Let's dig into the Back to Saskatchewan Mailbag folks and see what our dear readers and viewers have written. Oh, here is a letter from the dark continent. It reads:

Dear Defensemaster,

I am a user of Microsoft's Internet Explorer, and I have noticed some technical problems with your text. For example, some of your blog posts have had HTML script popping up between the text. How can I avoid this?

Thanks,

Ned in Nigeria

Dear Ned,

Well, that certainly isn't very conducive to your reading pleasure. And we take your p
leasure very seriously here at Festung Europa. Before you go off writing a nasty letter to Bill Gates, my workaround suggestion is this: download the free Mozilla Firefox internet browser. Open source rules, my friend, and Firefox is how we test our product before publication. And in the meantime, we will also take a closer look at this issue to perhaps resolve it, so that our Internet Explorer readers and viewers can enjoy Festung Europa just as much as everyone else. Thanks for bringing this issue to our attention.

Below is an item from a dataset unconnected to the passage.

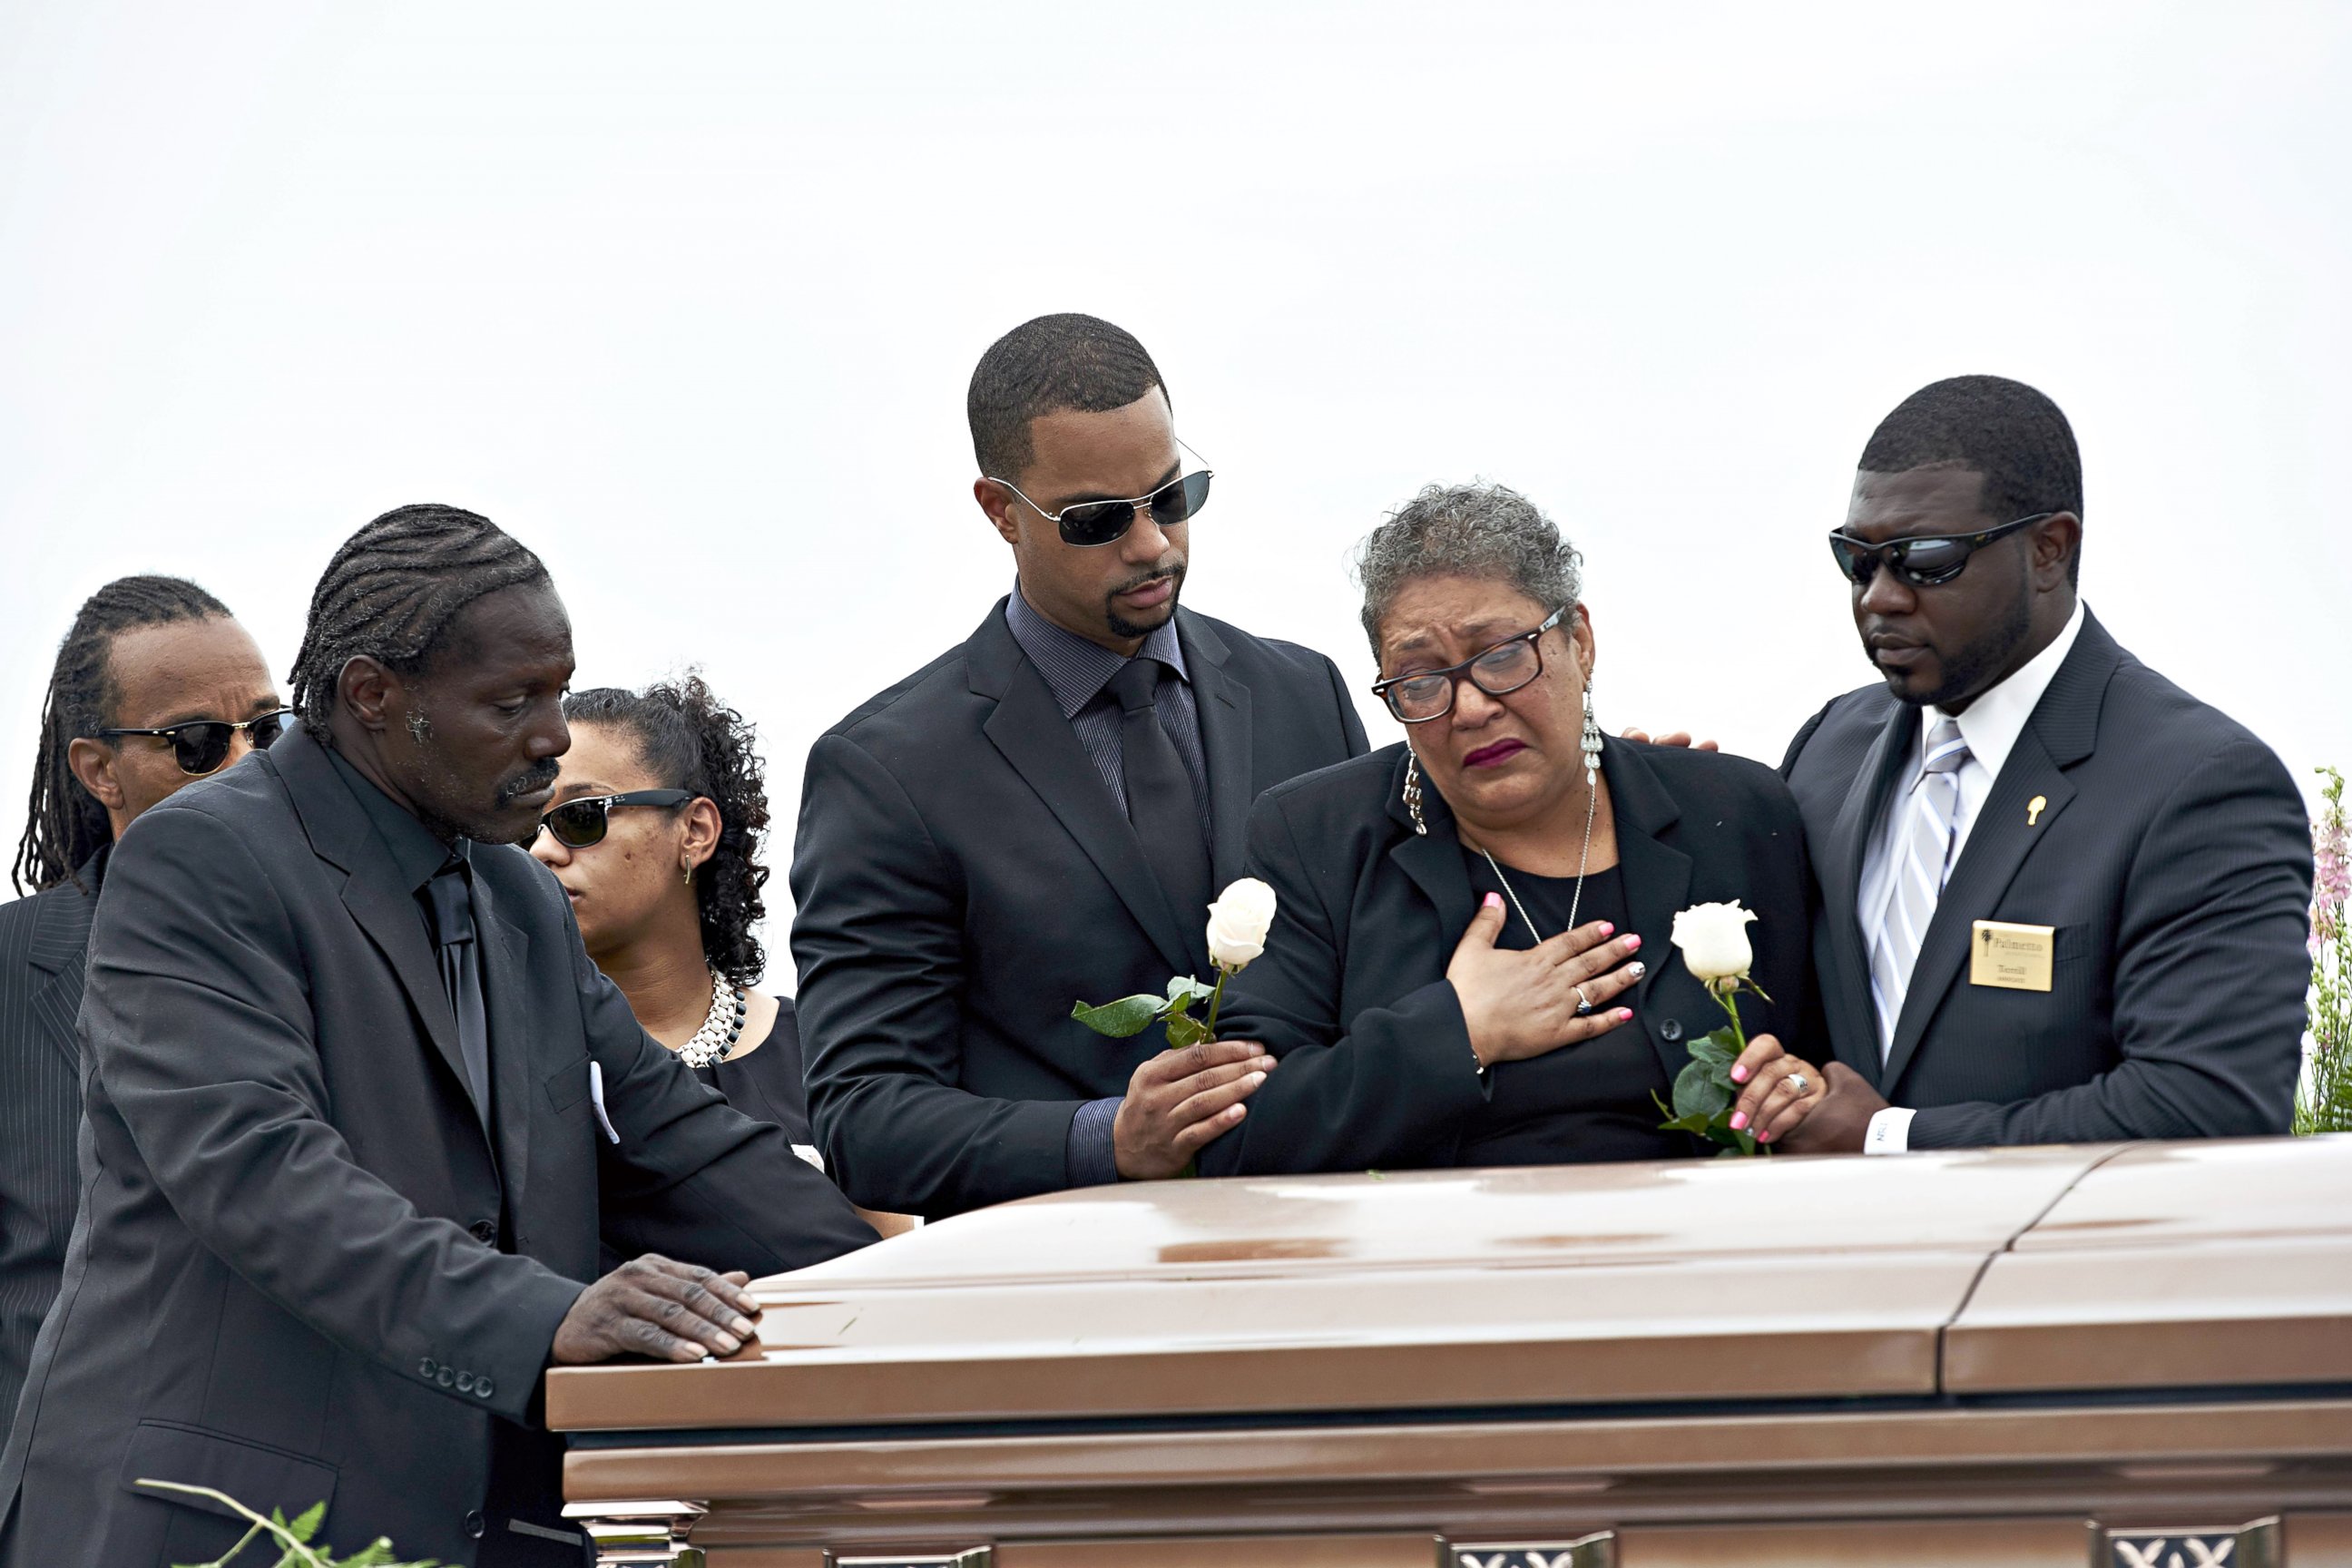 PHOTO: Sharon Risher, 2nd from right, and Gary Washington, left, pay their respects at the casket of their mother, Ethel Lance, 70, before her burial at the AME Church cemetery, June 25, 2015, in North Charleston, S.C.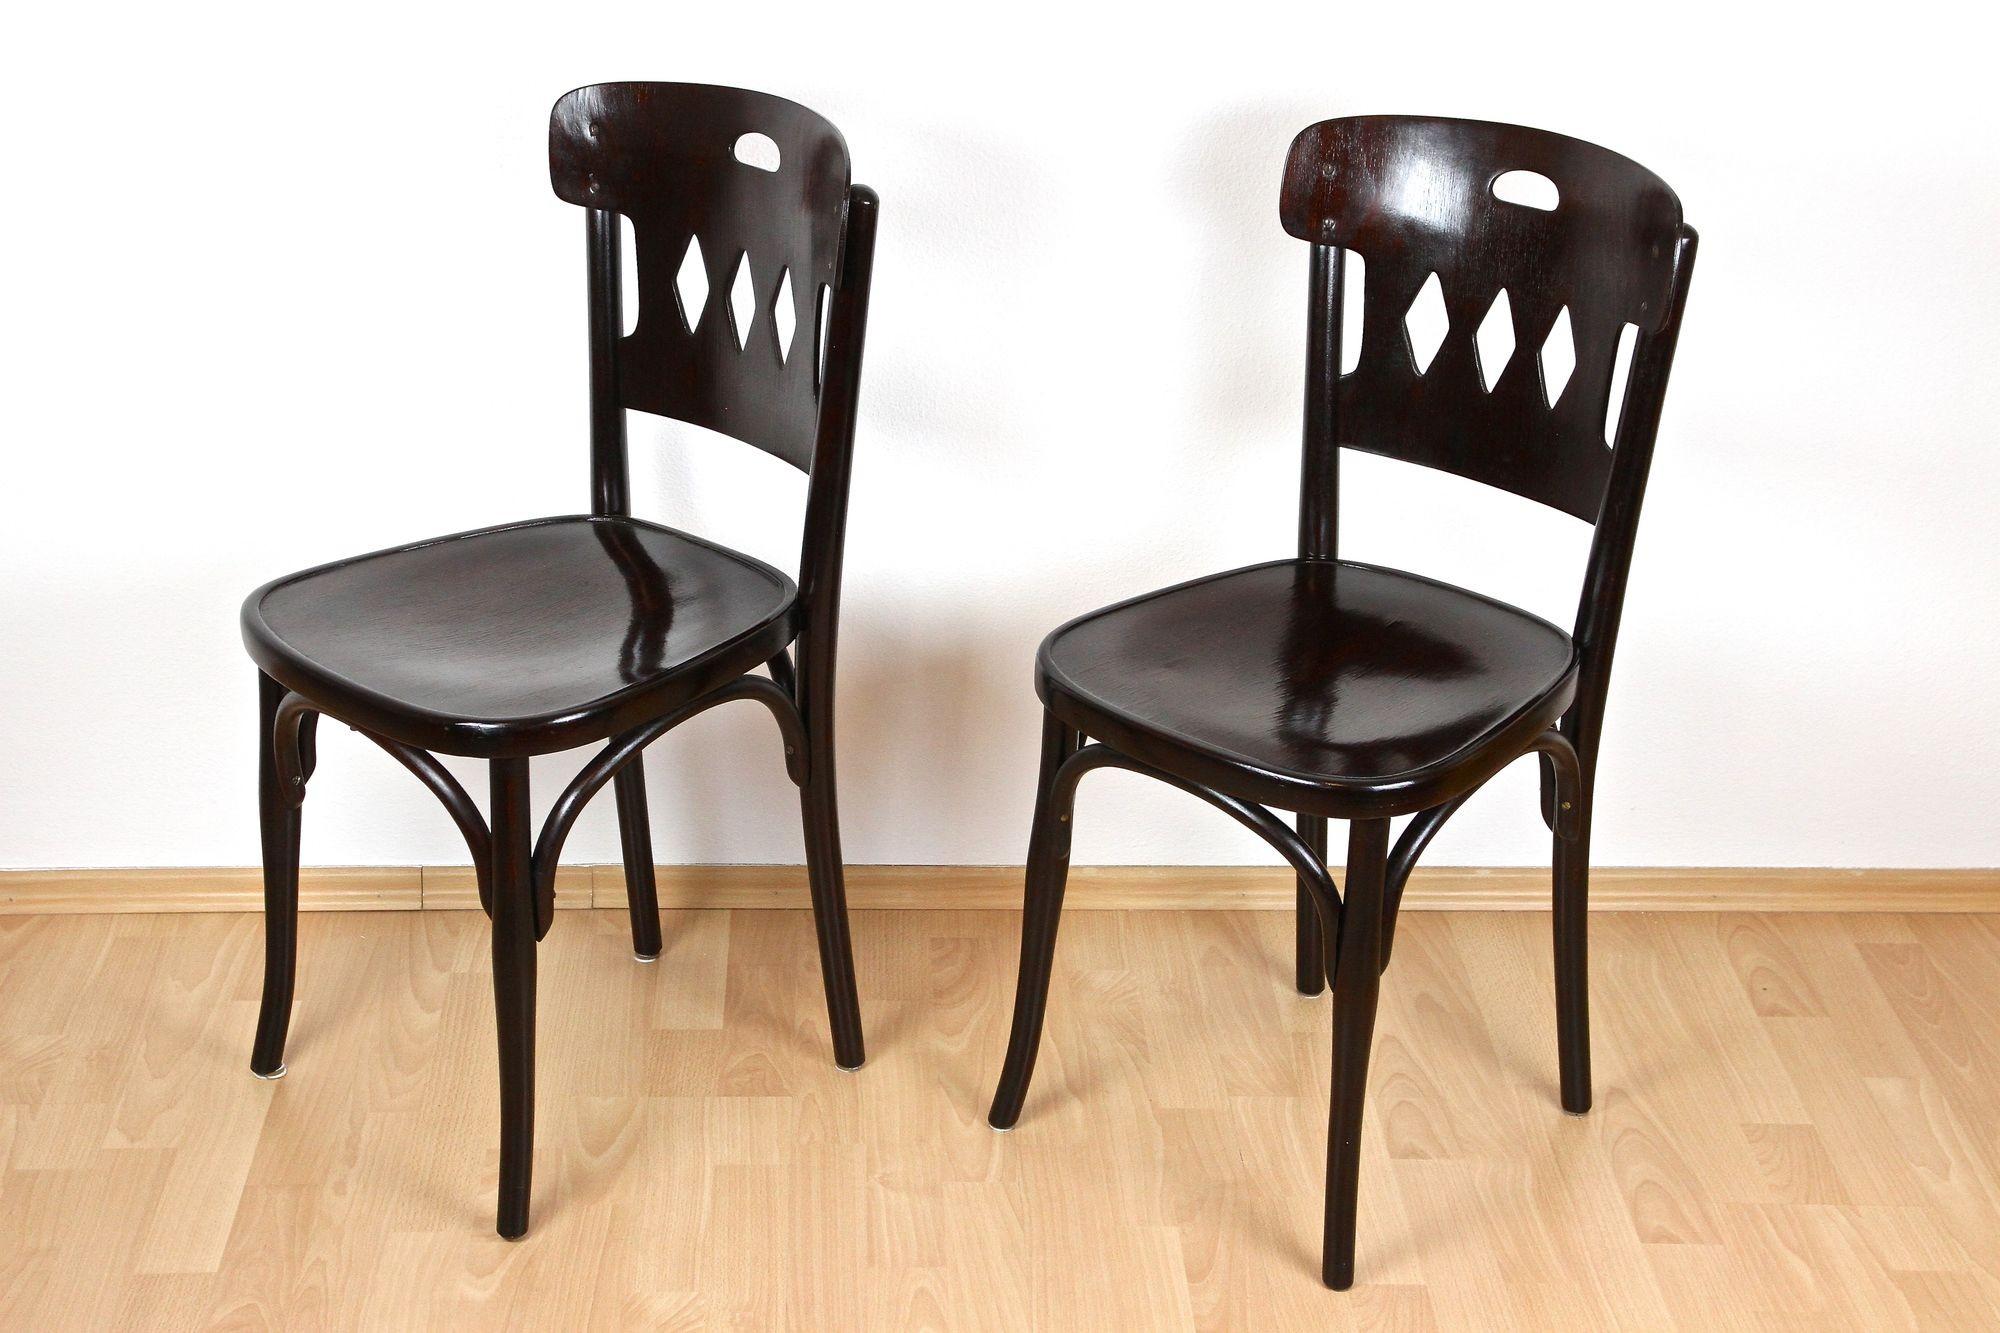 Pair Of Art Nouveau Bentwood Chairs by J&J Kohn, Vienna ca. 1910 For Sale 8

Oh, our next letter looks official, eh. Holy smokes, folks, this thing is in code! Lucky I brought my official Stingray Regime Medusa decoding ring, available at fine underground jewelers and military surplus stores worldwide. Let's see...ah, that's it. Oh my, it is a letter AND an attached photograph from Gonar, Gatekeeper Of The Outer Galaxy, straight from his covert bunker complex in Aquaburg. He writes:

MEDUSAMEDUSAMEDUSAMEDUSAMEDUSAMEDUSA


Dear Defensemaster,

Whilst going deep undercover into the Xarlon Metroplex last summer, I did encounter some Xarlon holographic technology which was interesting. This Xarlon approached me with what appeared to be an attempt at disguising itself as the Mystic Master, but all he could pull off was a dreadfully cartoonish and fiendishly oversized rendition of his pear-shaped head. I scanned it, and after months in my lab analyzing the data I have determined it is nothing to worry about at this point. This confirms my initial impression of the situation, and as you can see from the scan, my guffaws at this creature let him know that we are not to be trifled with when it comes to hologram technology. However, we should not let our guard down, especially if their technology is only about twenty-five earth years behind ours.

Hail Stingray!


Gonar, Gatekeeper of the Outer Galaxy


MEDUSAMEDUSAMEDUSAMEDUSAMEDUSAMEDUSA

MEDUSAMEDUSAMEDUSAMEDUSAMEDUSAMEDUSA

My Dear Gonar,


Thank you for this update. Yes, these Xarlon scum are quite a bit behind our current holographic technology. This is even worse than Mark Kingsley's holographic apparition in his last show, and that, quite frankly, was an embarassment. This current Xarlon stuff doesn't even come up to the level of Mr. Hologram version 1.0! But you are still lucky to have escaped from this creature alive. Beware! Be aware.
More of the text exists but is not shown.